# Need heavier gear for these things



## TheCream (Mar 19, 2009)

I hooked 4 on Thursday, only landed this one. It weighed 7lbs 7oz on my scales. I was hooking them in shallow water, and expected them to run for deeper stuff, but the bigger fish went for the rocks, wood, and pilings nearby instead. They were right in their choices.  I had the drag tightened down pretty tight on 2X Orvis Super Strong, but I could not begin to stop their initial runs!


----------



## Clayton (Oct 7, 2008)

You're in the clear to use 0x mirage (the mirage is stronger anyhow) or just be like me and use 18lb mirage lol. That stuff will pretty much turn them directly around.

Check your tippet obsessively too, if there are any nicks or anything, don't rationalize it or whine, just swap it out.

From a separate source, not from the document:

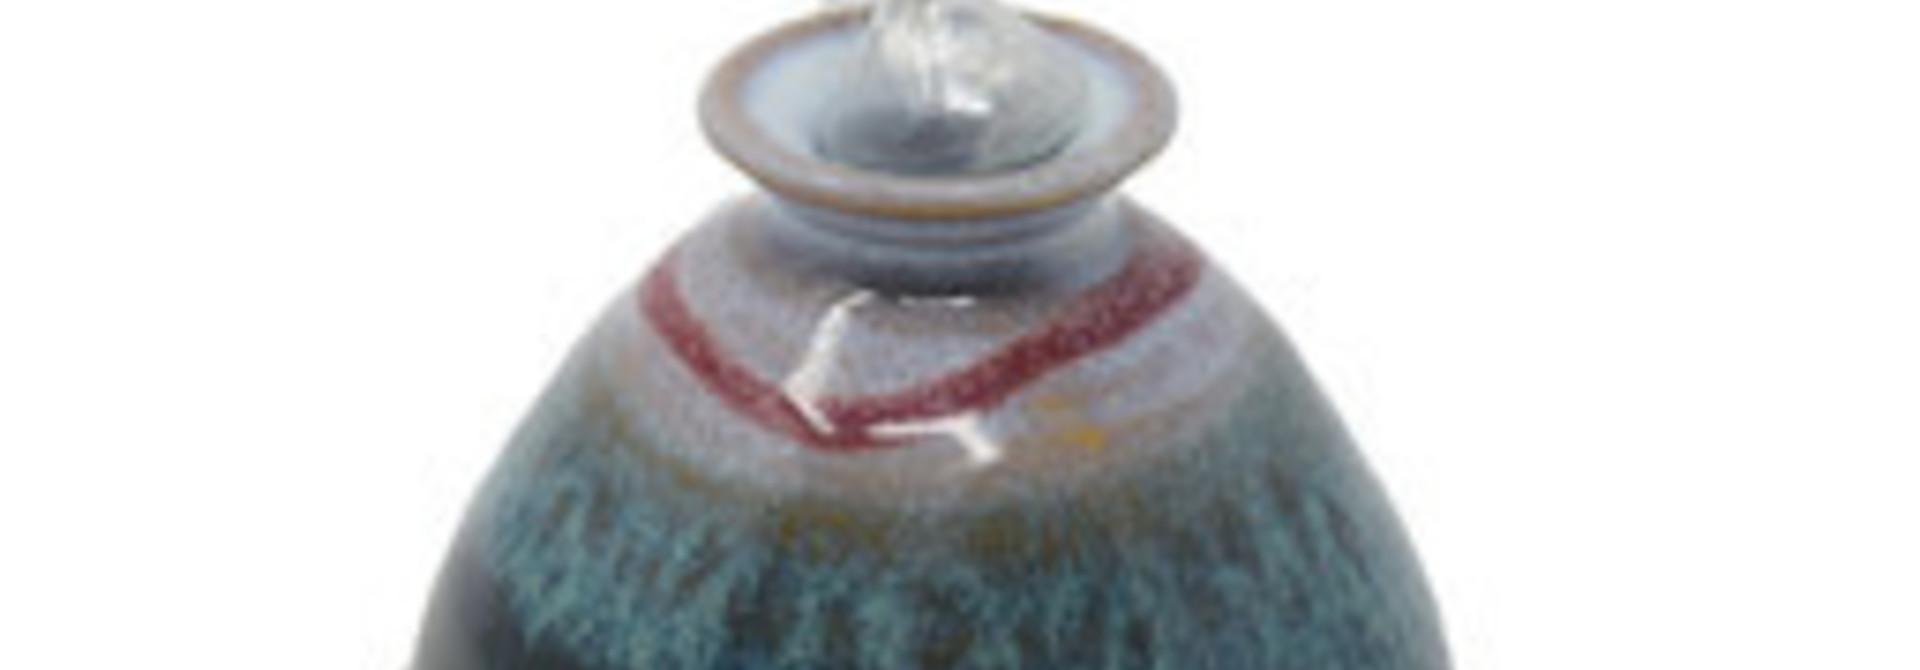 Tiny Oil Lamp

It's worth it in the long run!


----------



## Steelhead Fever (Dec 31, 2009)

i have the same net!! I love it,I got pvc and extended the handle for steelies and what not its a sweet net..


----------



## Flyfish Dog (Nov 6, 2007)

Sweet catch Jeff! Yea that net looks nice, where you get tghem at though?


----------



## fallen513 (Jan 5, 2010)

Nice catch.


It's amazing how they literally run for cover. I've had quite a few 10 lbrs take the bait & head 50 yards across the lake to a fallen tree. 


Smart fish!


----------



## bigduck10 (Feb 15, 2009)

I know this sounds like I am a snob fly fisherman but I just can't fly fish for carp. Something in me just won't let me do it. 
But I bet that was one heck of a fight that bad boy put up.


----------



## Andrew S. (May 22, 2010)

bigduck10 said:


> I know this sounds like I am a snob fly fisherman but I just can't fly fish for carp. Something in me just won't let me do it.

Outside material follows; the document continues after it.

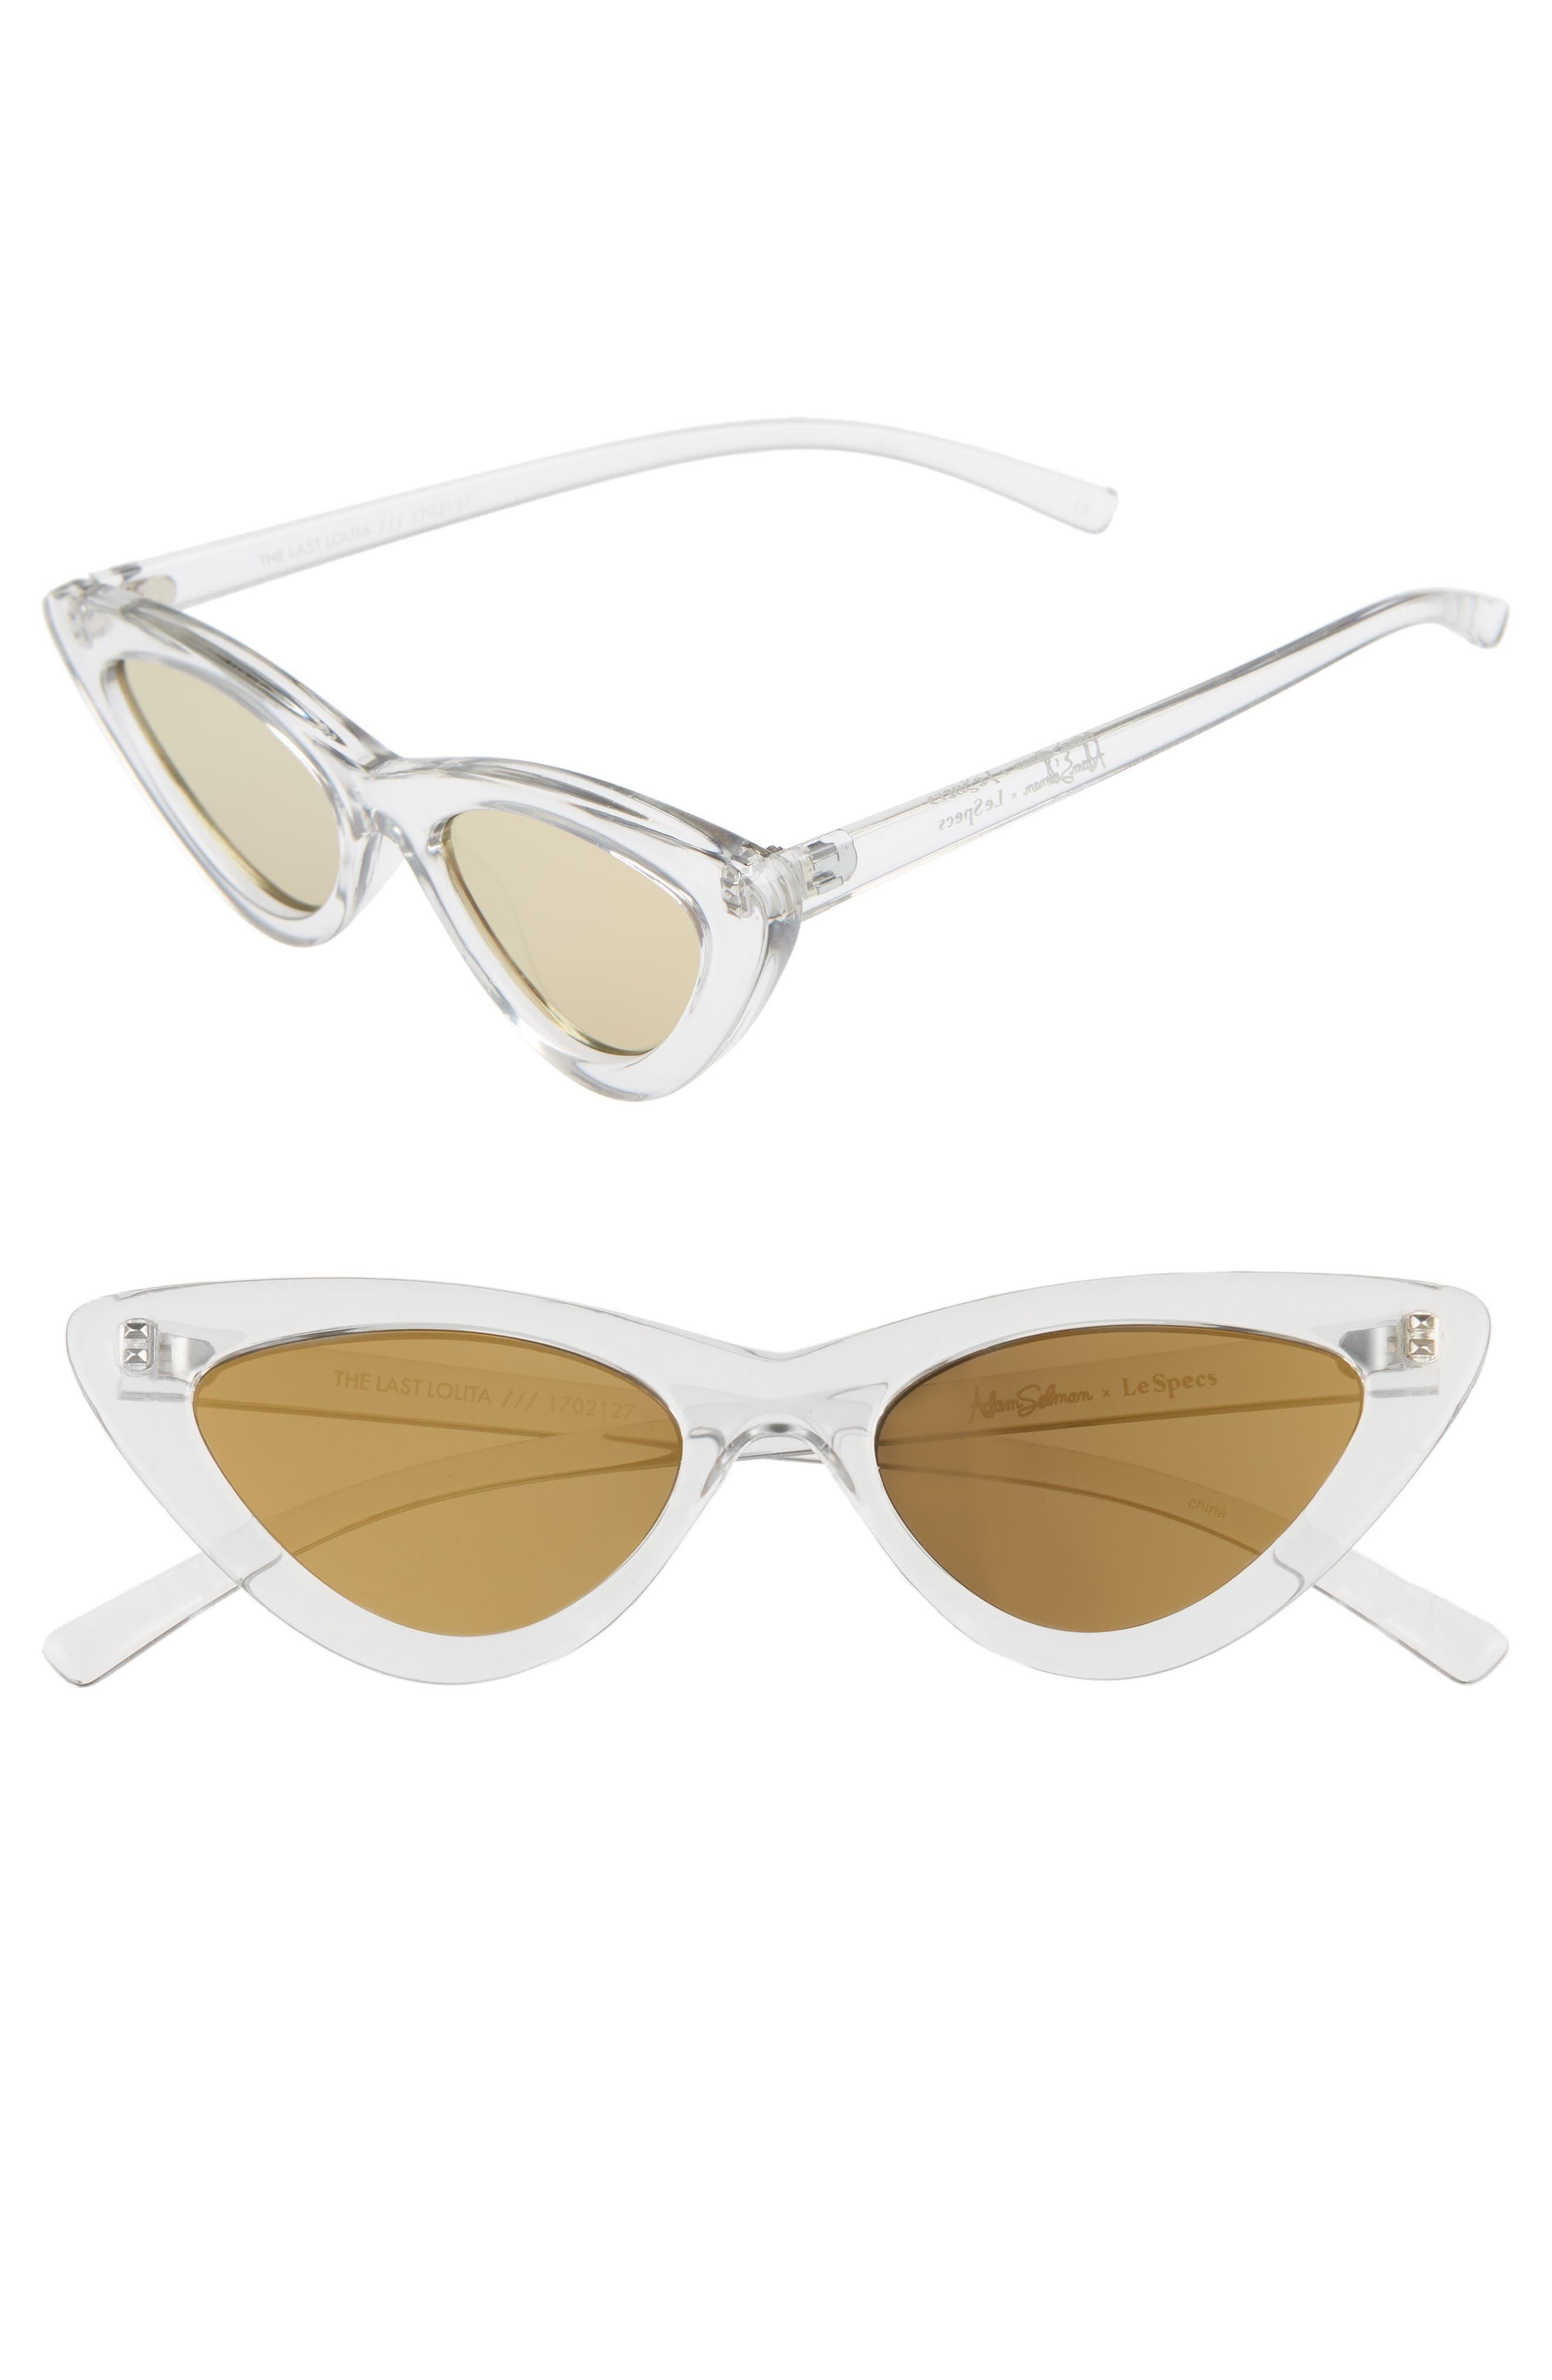 Lolita 49mm Cat Eye Sunglasses,                         Main,                         color, CRYSTAL GREY

Well, I hope it's not because you think it would be easy. They're as challenging as any fish I've ever target with a fly rod, and I've chased a lot of different kinds.


----------



## TheCream (Mar 19, 2009)

Flyfish Dog said:


> Sweet catch Jeff! Yea that net looks nice, where you get tghem at though?


I got it at Dunham's in Athens. I was shocked it was so cheap, only $15! It has a big hoop on it, plenty big enough for carp or chrome, rubber bag, rubber grip handle, and it's a short handle which works well in the kayak.


----------



## Flyfish Dog (Nov 6, 2007)

Thanks, It got to be lighter than my rubber bag net which is to heavy.


----------



## Fishaholic69 (Apr 6, 2007)

what a beast! they say its the poor mans bonefish!


----------



## Andrew S. (May 22, 2010)

Fishaholic69 said:


> what a beast! they say its the poor mans bonefish!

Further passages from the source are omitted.